Hardware accelerated sequence analysis
MetadataShow full item record
The thesis evaluates two different techniques for using hardware acceleration in sequence analysis. The problem at hand is to detect remote homologies in protein sequences. This is useful for medical purposes, since protein function and structure can be predicted based on homology. We adapted an existing genetic programming with boosting algorithm to work with protein data, and tested it on a biological database. We also implemented a hardware accelerated kernel, for use with third party support vector machines. We tested on the same data as the boosted genetic programming solution, on generated DNA dataset, and compared the results to those of the boosted genetic programming solution and other algorithms. We found that genetic programming with boosting performs comparable to that of support vector machines with mismatch kernels. Further, we found that it is possible to hardware accelerate the mismatch kernel implementation, but that it is more effective on DNA sequence analysis than protein analysis. We found that the implementation of a motif kernel is the best approach for using hardware acceleration for protein homology detection.

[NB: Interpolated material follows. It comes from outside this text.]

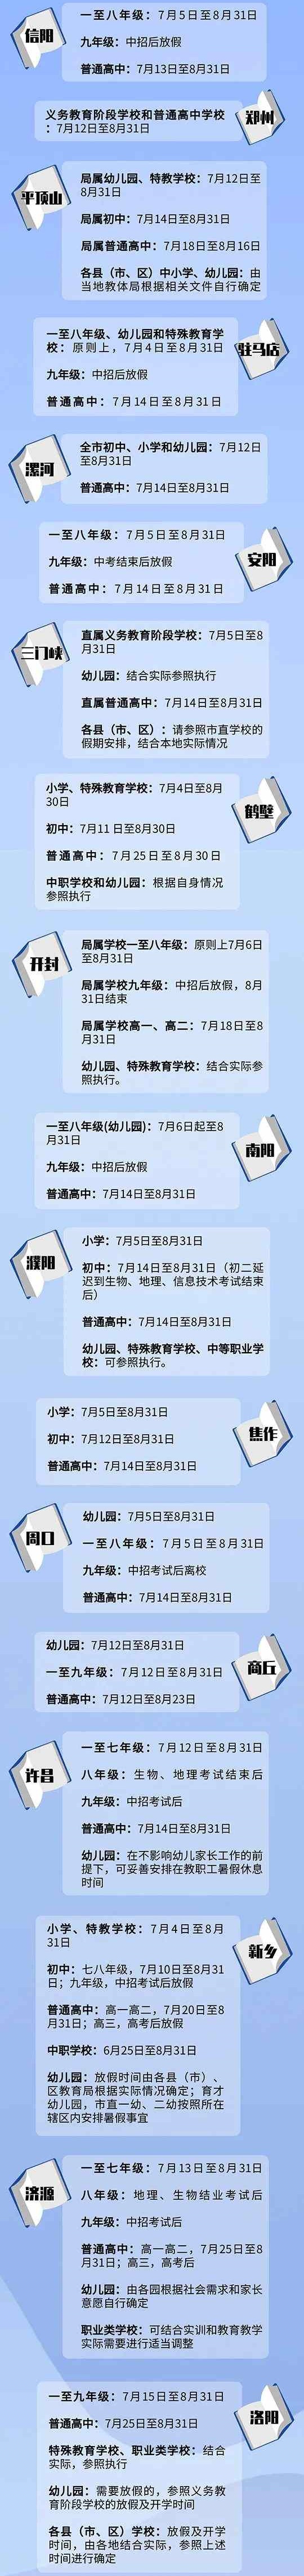 2020河南省内各中小学暑假放假及秋季开学时间汇总

Genetic programming with boosting is a state of the art technique for detecting protein homology as it will give very good classification performance, but for our project, where we classify using support vector machines, as the SVM kernel can be computed once for the full dataset, it is more time consuming than using an analytical approach. Different string kernels for support vector machines can be implemented using hardware acceleration, but due to the number of permutations in large alphabets, it is less effective for mismatch kernels on protein data compared to other techniques. The kernel works fast when working on large datasets with short alphabets, like the DNA alphabet. The hardware approach is more adapted to motif searching than permutation searching.